The regional newspaper Il Quotidiano del Molise reported Sept. 18 that the pope donated 10,000 euros (almost $12,000) after he heard about the plight of the employees in Bojano, a town in the province of Campobasso in south-central Italy.

Fr. Alberto Conti, director of Caritas in the Diocese of Trivento, explained that the pope was moved when he heard that 273 workers face an uncertain future as a government subsidy that they are currently receiving is due to expire in November.

Conti met with Pope Francis Sept. 15, according to a report on the website L'Eco dell'Alto Molise. 

Writing in Il Quotidiano del Molise, Conti recalled that before he asked the pope to give him a blessing, he asked him to pray for the workers, who fear they will be unemployed after November. He told him that they had appealed to both the diocesan and national branches of Caritas for help.

"The Holy Father asked me: 'Do you have any way to help them?' I replied: 'Holy Father, there are 273 families and they ask first of all for the right to work. But we will do what we can to stay close to them,'" Conti said. 

"The pope got up and went out of the small room where we were. He returned after a few minutes and behind him came his young secretary, who handed him an envelope that he placed in my hands.

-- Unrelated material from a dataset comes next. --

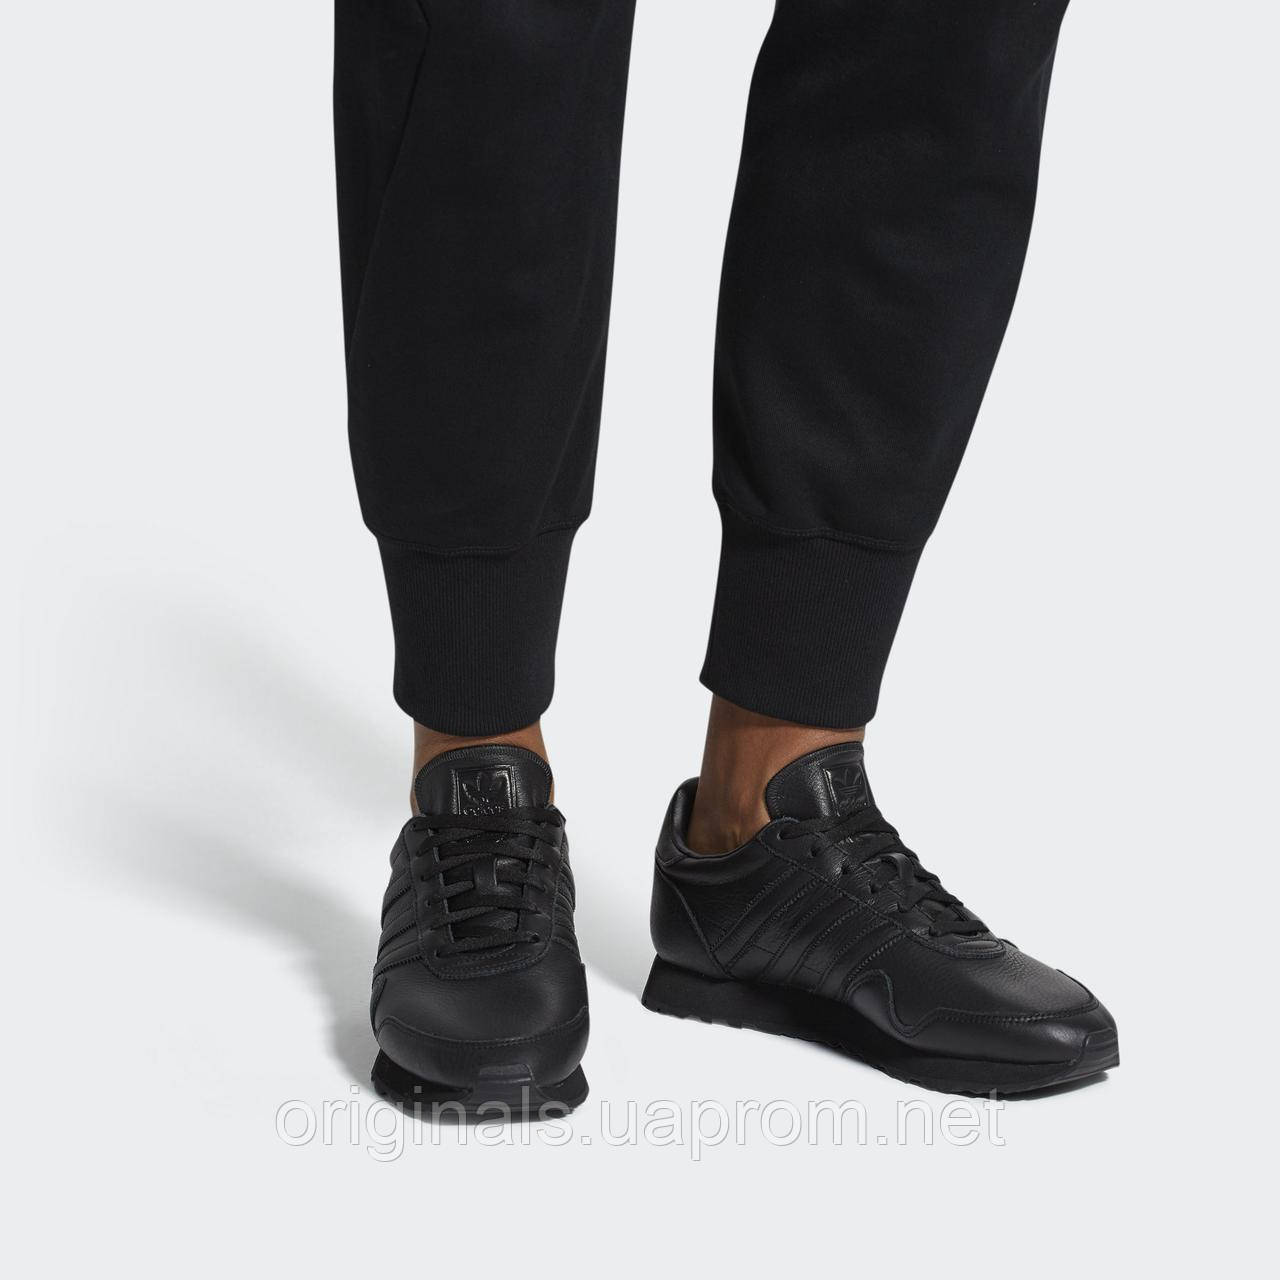 Кроссовки Adidas Originals Haven CQ3036 кожаные черные повседневные

I immediately grasped that it was an offering, and I must therefore have seemed embarrassed, because, with great simplicity, he encouraged me, exhorting me: 'Take it, take it.'"

"When I got out in the car, I opened the envelope and discovered that the Holy Father had wanted to donate 10,000 euros to those workers in difficulty I had just told him about."

Conti said that after consulting with Bishop Claudio Palumbo of Trivento he decided to use the gift to buy educational materials for the workers' children. 

He said that when times were difficult culture, education and the training of young people were always the first things to lose out. 

"They must instead be defended because they represent the only weapon of peace that the most needy possess to improve their conditions, to grow as people, to help the development of the region and therefore the good of all," Conti wrote.